## EXERCISE DIRECTIONS
The required output is the exact text of the lines from the line containing "Goers Blue White" through the final line below, inclusive, without pictures.

## GIVEN INFORMATION
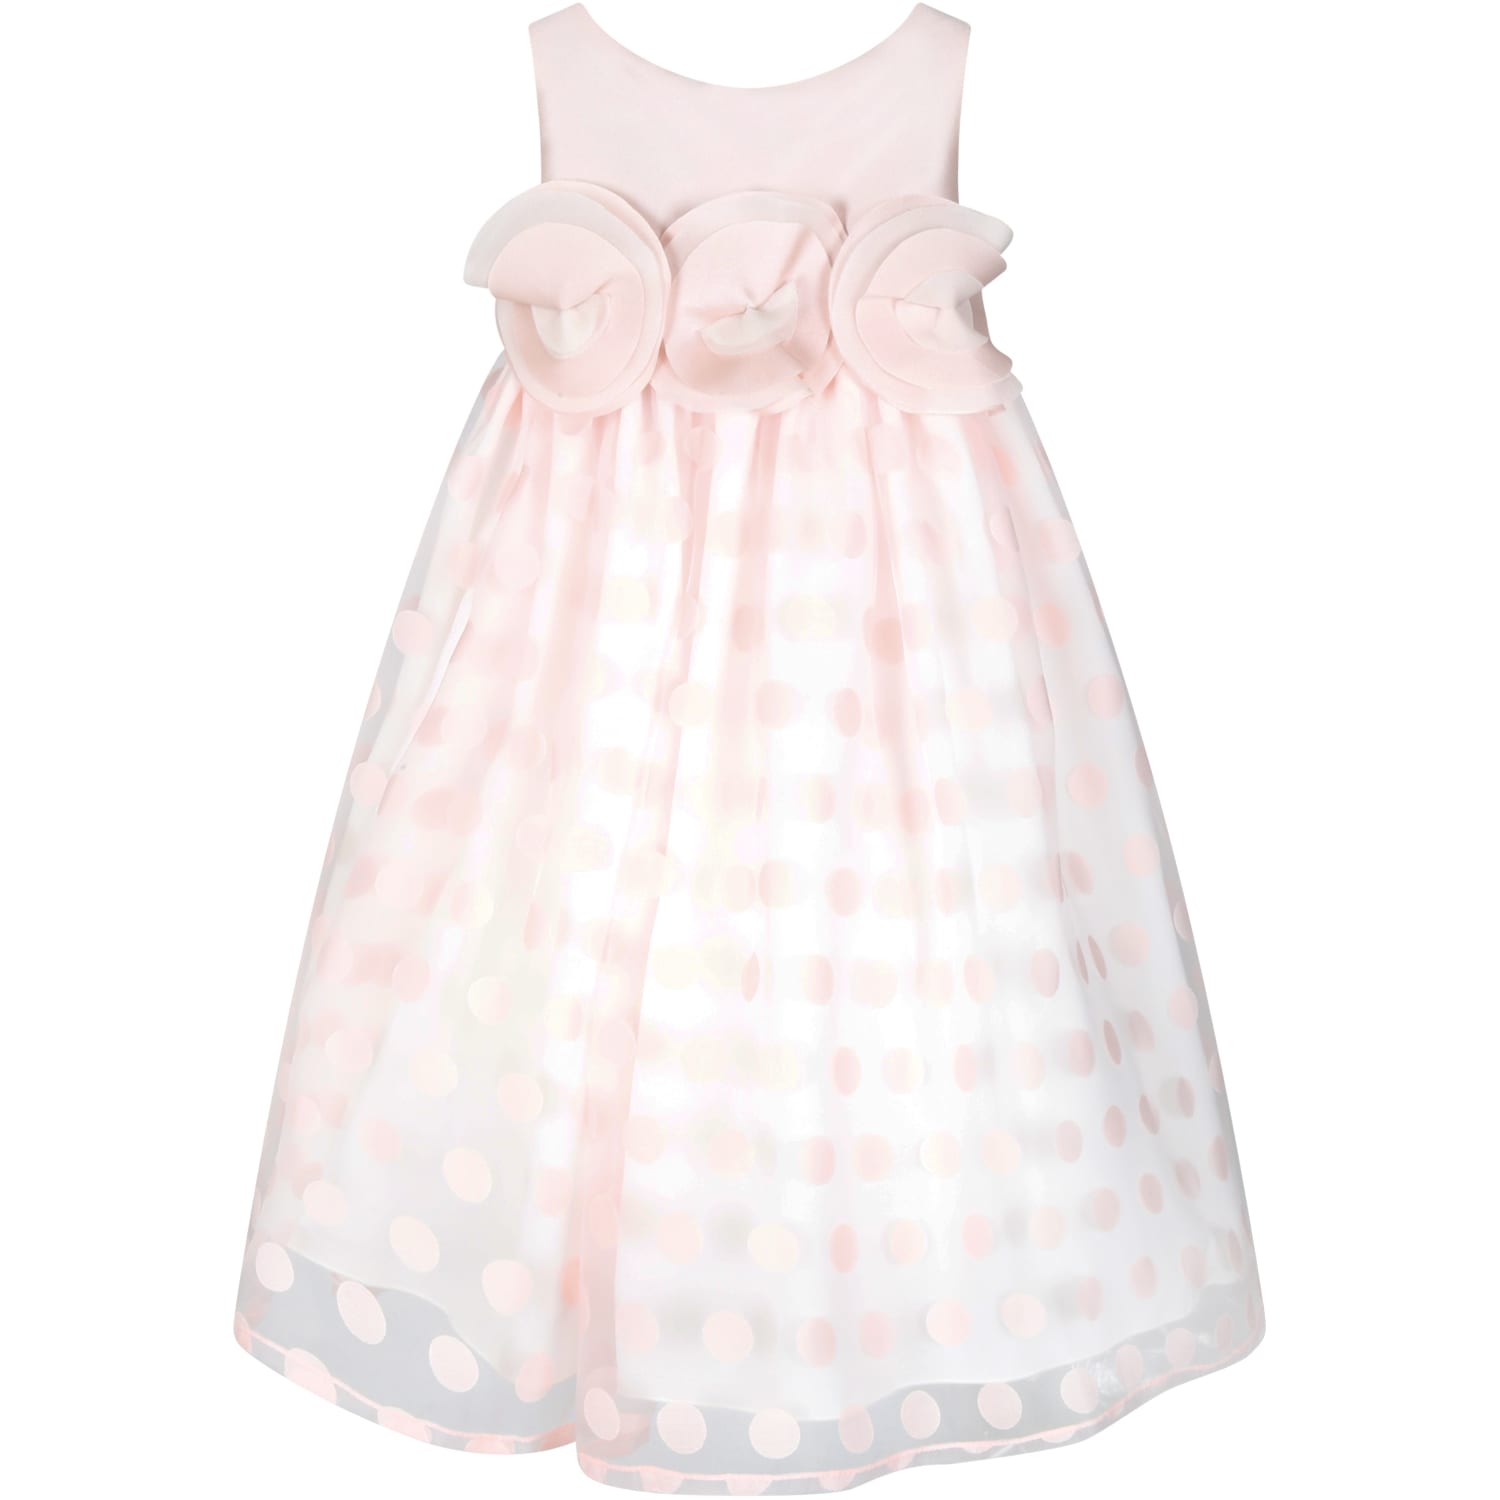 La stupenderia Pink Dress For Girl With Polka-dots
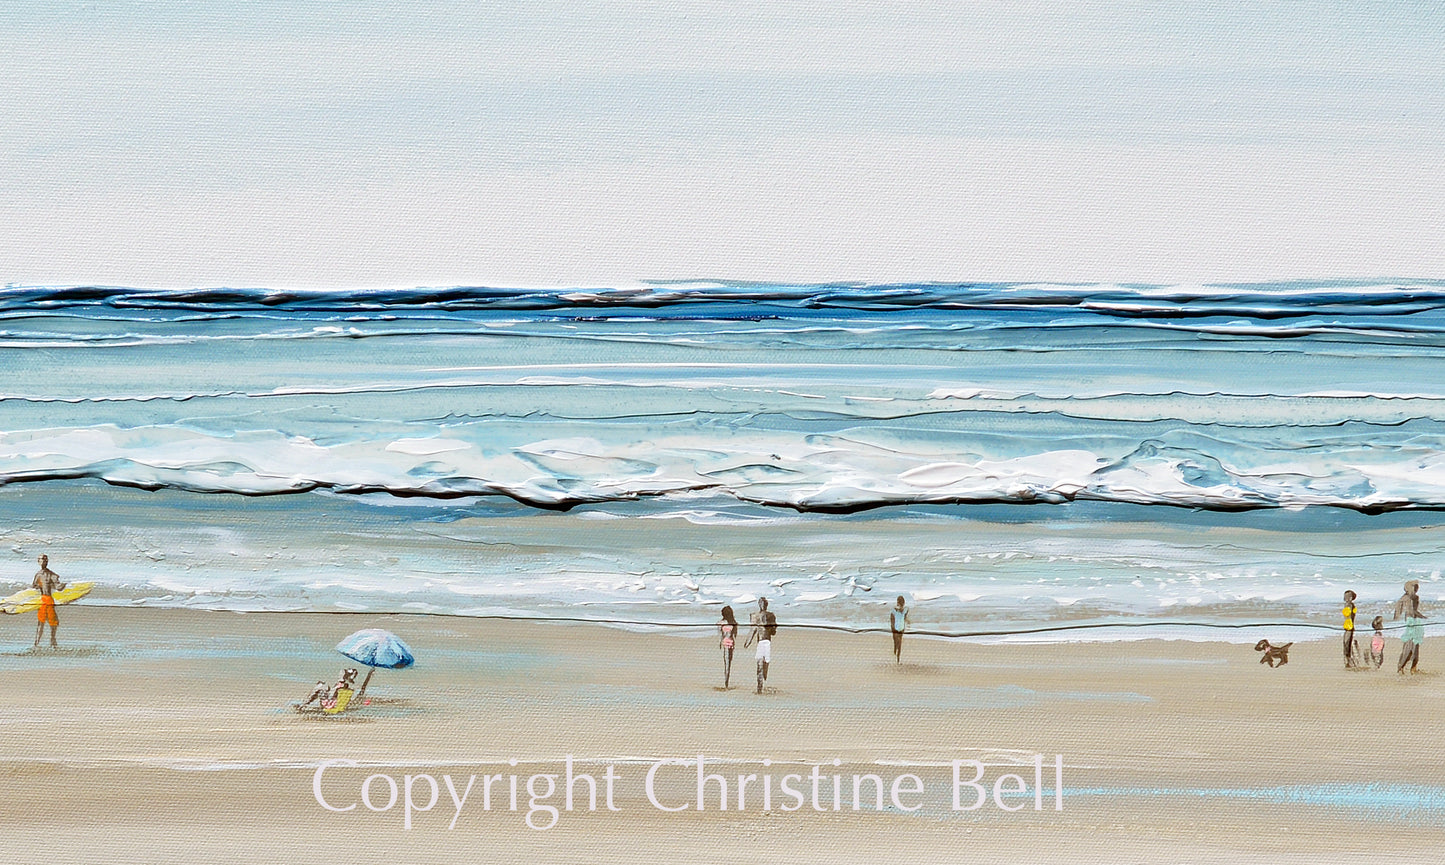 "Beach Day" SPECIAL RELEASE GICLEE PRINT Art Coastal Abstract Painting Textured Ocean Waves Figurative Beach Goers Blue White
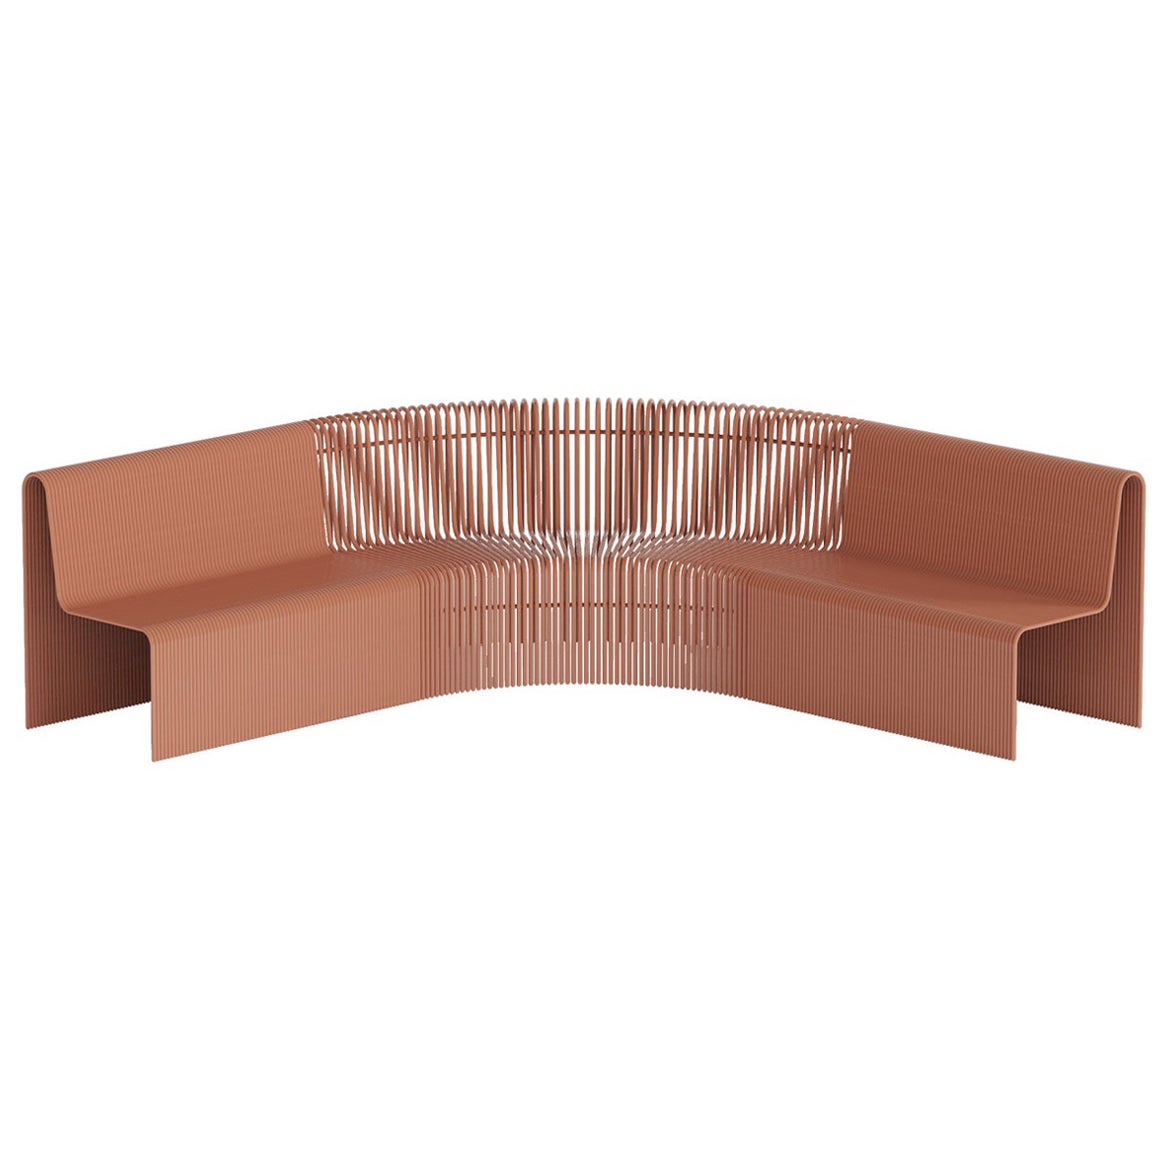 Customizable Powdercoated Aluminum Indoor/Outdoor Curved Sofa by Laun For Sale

## WRITTEN RESPONSE
 "Beach Day" SPECIAL RELEASE GICLEE PRINT Art Coastal Abstract Painting Textured Ocean Waves Figurative Beach Goers Blue White
 Customizable Powdercoated Aluminum Indoor/Outdoor Curved Sofa by Laun For Sale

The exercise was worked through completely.